LA TELEVISIÓN Y EL PODER

 


Un relato de Pepe Ramos.



Cada noche, en miles de hogares, la escena se repite: alguien enciende la televisión, escucha al presidente hablar, y suelta un insulto al aire. A veces con rabia, otras con resignación. Como si gritarle a la pantalla pudiera cambiar algo.

Mientras tanto, en su despacho bien iluminado, el presidente  sonríe con calma. Sabe jugar el juego. Domina las palabras, los gestos. Cada crisis es una oportunidad de estirar un poco más el hilo del poder. El presidente es malabarista, sí. Y equilibrista. Pero sobre todo, tiene muchos ojos que observan las reacciones de la ciudadanía y se lo cuentan, por eso, por esos ojos que observan lo que pasa ahí fuera, el presidente, cualquier presidente, es un  espectador experto de una ciudadanía cada vez más dividida. Cuanto más dividida más fácil de dominar.

Los que lo critican en voz baja, en la mesa del bar, en un tuit que se pierde entre otros millones, o frente a un informativo de televisión que no escucha.
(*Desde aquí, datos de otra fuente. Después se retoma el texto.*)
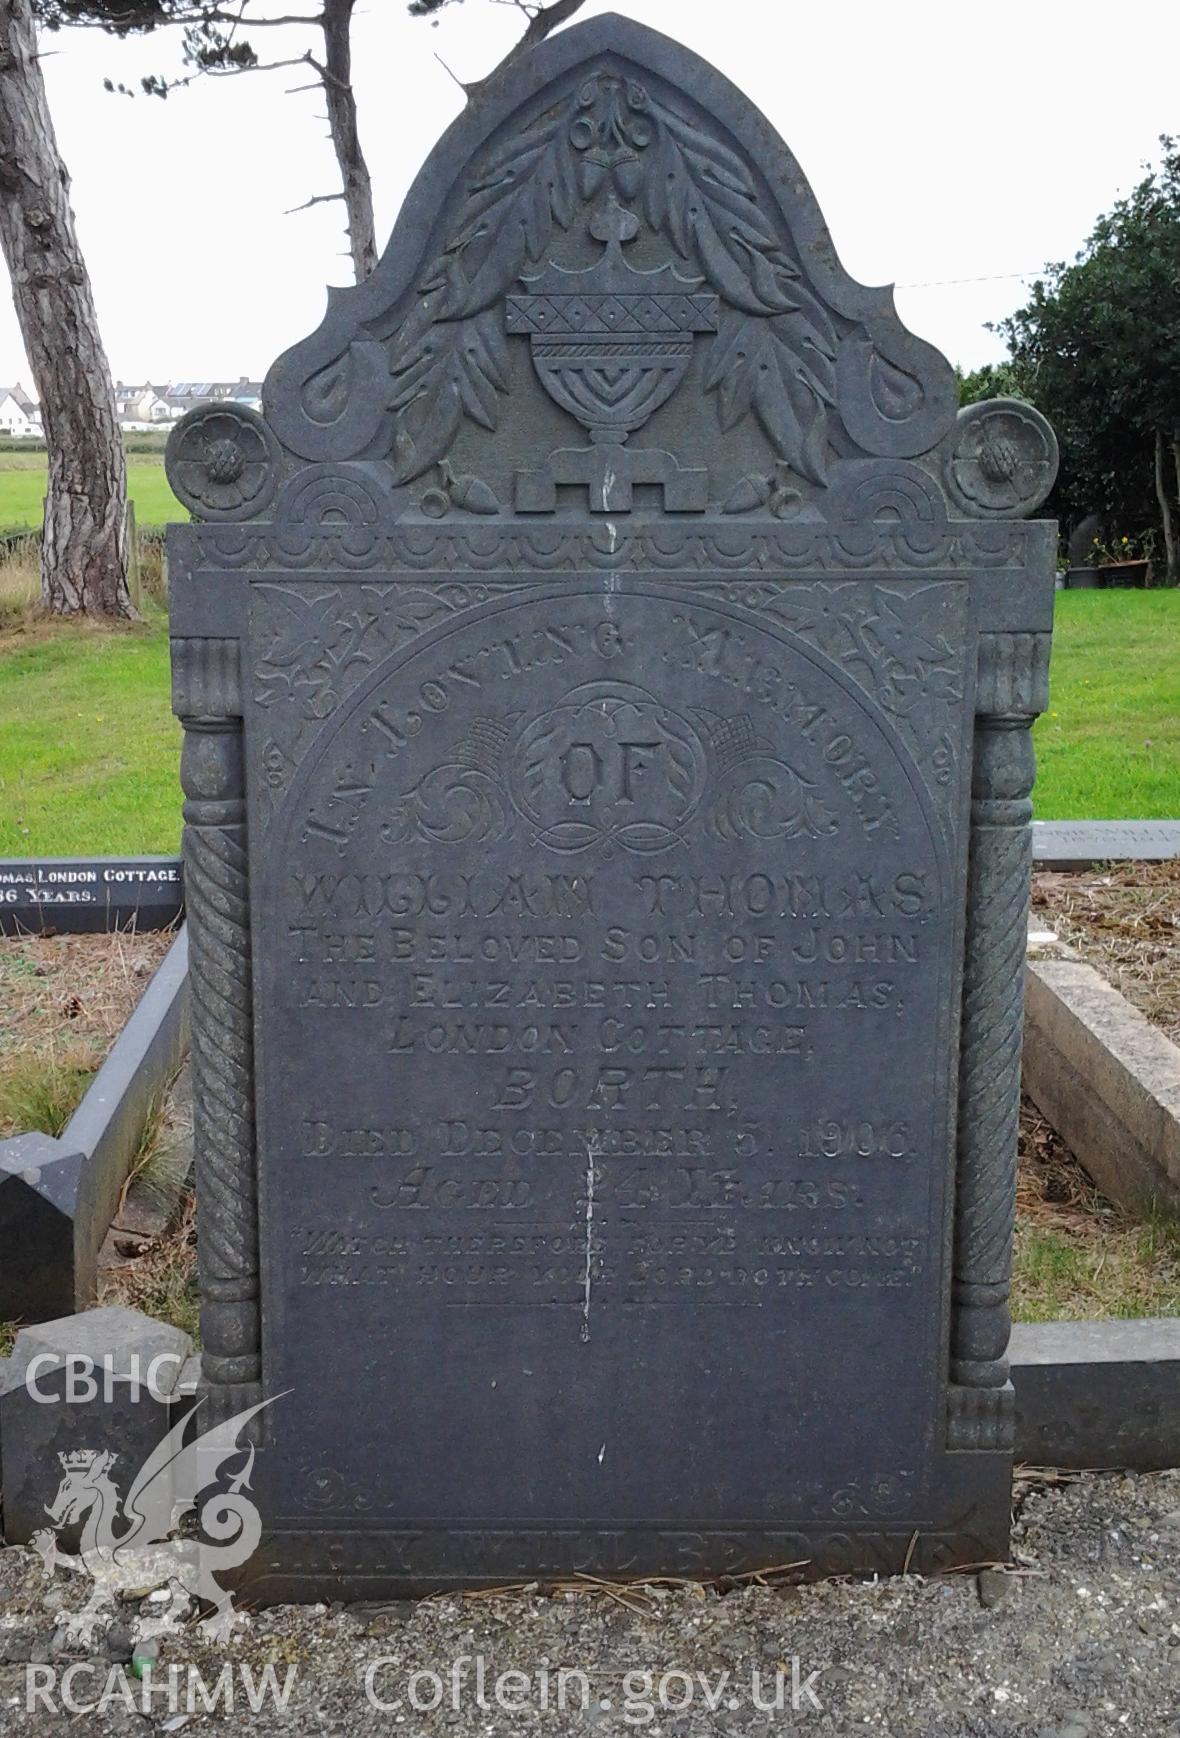 Memorial to William Thomas of London Cottage, Borth, died December 5 1906

El, seguro de sus alianzas, camina por la cuerda floja hasta el final de la legislatura.

Lo que el poder a veces olvida es que hay un día en que las pantallas se apagan. En que los gritos frente al televisor se convierten en pasos en la calle, en papeletas en las urnas, papeletas con decisión, papeletas que son voces que ya no piden permiso para ser escuchadas. 

La reacción a veces tarda. A veces duele. Pero llega.

Porque, al final, ningún malabarista puede sostenerse sin público. Y si el público se levanta y se marcha... cae el telón. O eso esperamos.